C’era una volta lo zoo, di Marco Lodoli

Un breve racconto tratto da Isole. Guida vagabonda di Roma di Marco Lodoli che parla del Giardino Zoologico di Roma (per i romani Zoo), oggi Bioparco.

“C’era una volta lo zoo di Roma: adesso c’è il bioparco. Oltre al nome sono cambiate altre cose, la sistemazione degli orsi bruni, ad esempio, che adesso vivono in un ambiente ampio e ospitale, con tanto di cascatelle e prati verdi; oppure la vita di alcuni buffi pennuti, tipo il pavone, che passeggiano come signore per il parco e a volte si spingono persino fuori, verso i prati di Villa Borghese. Ma c’è ancora tanta pena in quelle gabbie strette e feroci, fa male al cuore vedere i gorilla e le pantere imprigionati tra le sbarre, mille miglia lontani dagli spazi aperti dell’ Africa.

Per non incrociare i loro sguardi spenti e rassegnati, per non sentirmi responsabile della loro atroce malinconia e di quelle grida disperate, giro vigliaccamente subito a destra e punto il Rettilario, un edificio circolare e silenzioso come un bunker. Li dentro si conserva il nostro passato più remoto, li abitano i nostri trisavoli scagliosi e sibilanti, ex padroni del mondo. Stanno rinchiusi e immobili in sofisticate teche di vetro, e a volte sembra davvero di osservare cinture di serpente e strane borsette pitonate immerse in un habitat inventato da qualche fantasioso vetrinista di via Condotti.
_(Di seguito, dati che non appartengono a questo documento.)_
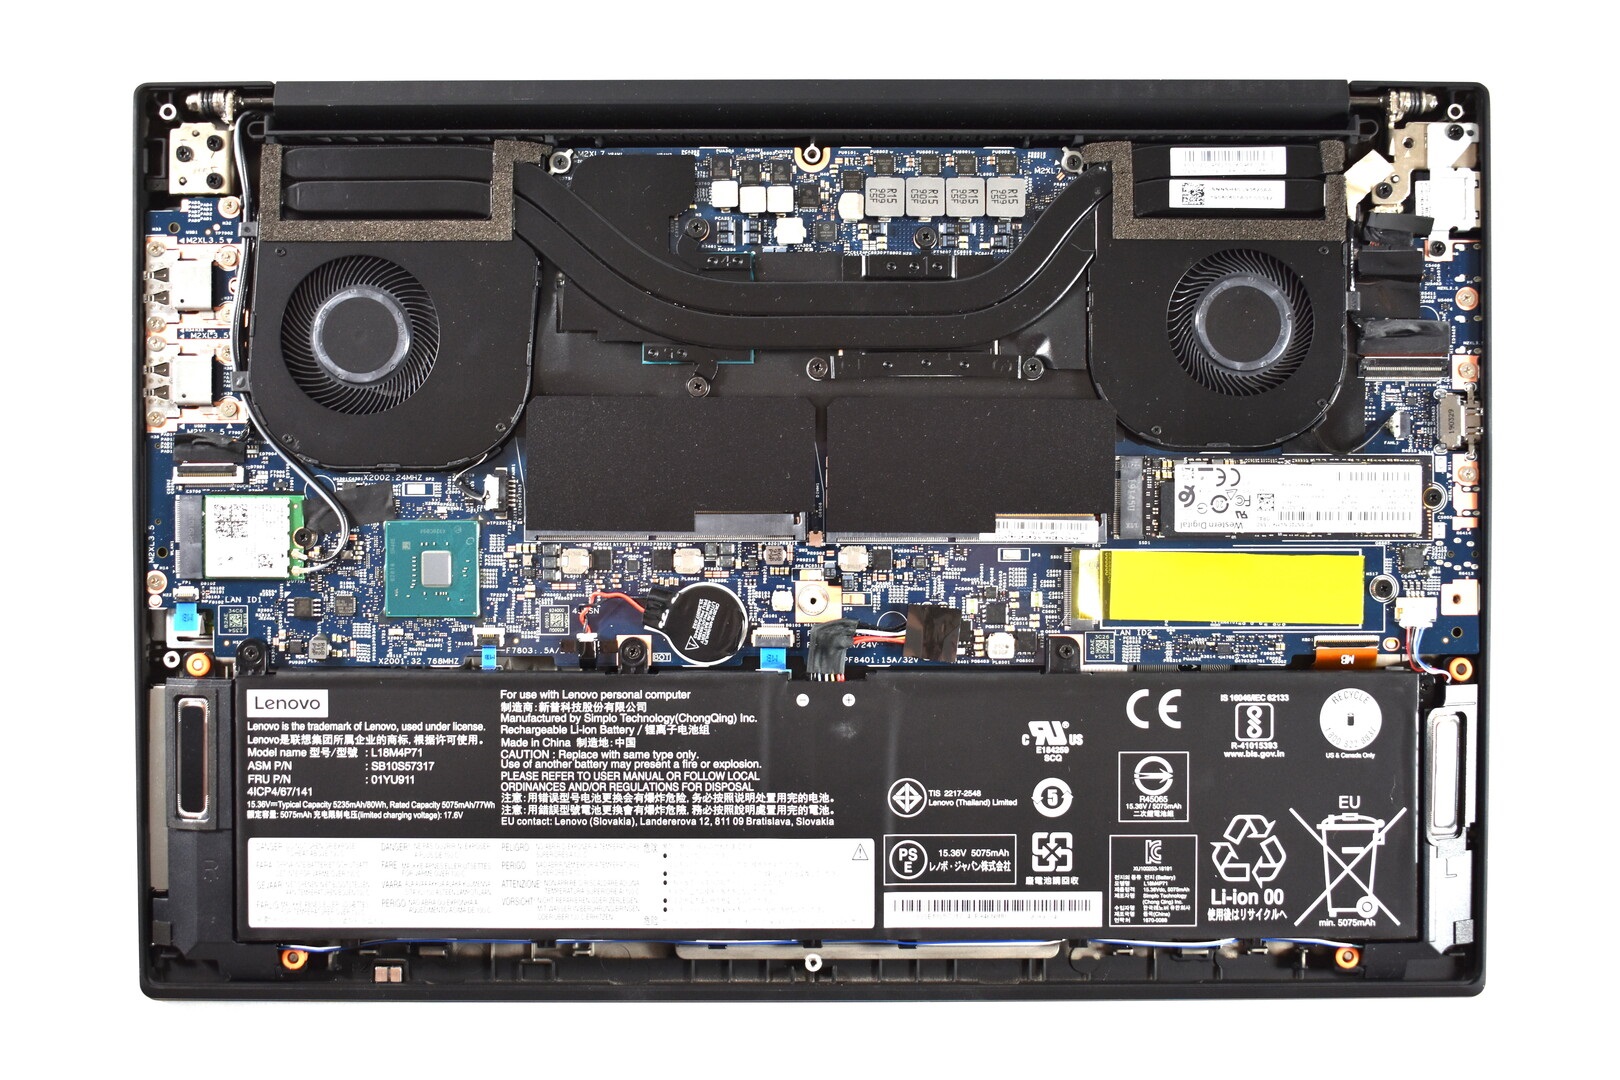 Đánh giá laptop Lenovo ThinkPad P1 Gen 2 2019: Máy trạm cao cấp, Chuyên trang tư vấn laptop

C’è sabbia distesa con cura, ci sono stecchi rinsecchiti e minuscoli cerchi d’acqua, e in un angolo quelle forme primitive, raggomitolate, mostruose, che hanno nomi incontrati solo nelle favole: lo scinco d’Algeri, il drago barbuto, l’eloderma sospetto, l’ululone, il matamata e la rana pomodoro.

E poi, d’improvviso, qualcosa si muove, imprevedibile come un pensiero sommerso, quasi dimenticato: una testolina guizza, due spire s’allentano, una coda freme, e dalla schiena ci sale nella nuca un brivido che non è solo raccapriccio. In quegli occhietti minerali di colpo cogliamo una luce fredda che illumina il buio più profondo, e per quanto ci paia assurdo sentiamo che quegli spaventosi scherzi della natura sono una parte di noi che soffre e non capisce perché. Quella parte rimane oltre il cristallo e sembra ci guardi e c’invidi: tu che puoi andare via, camminare, amare, non ti dimenticare di me che resto qui, sepolto in queste squame, giù nelle fondamenta della vita.”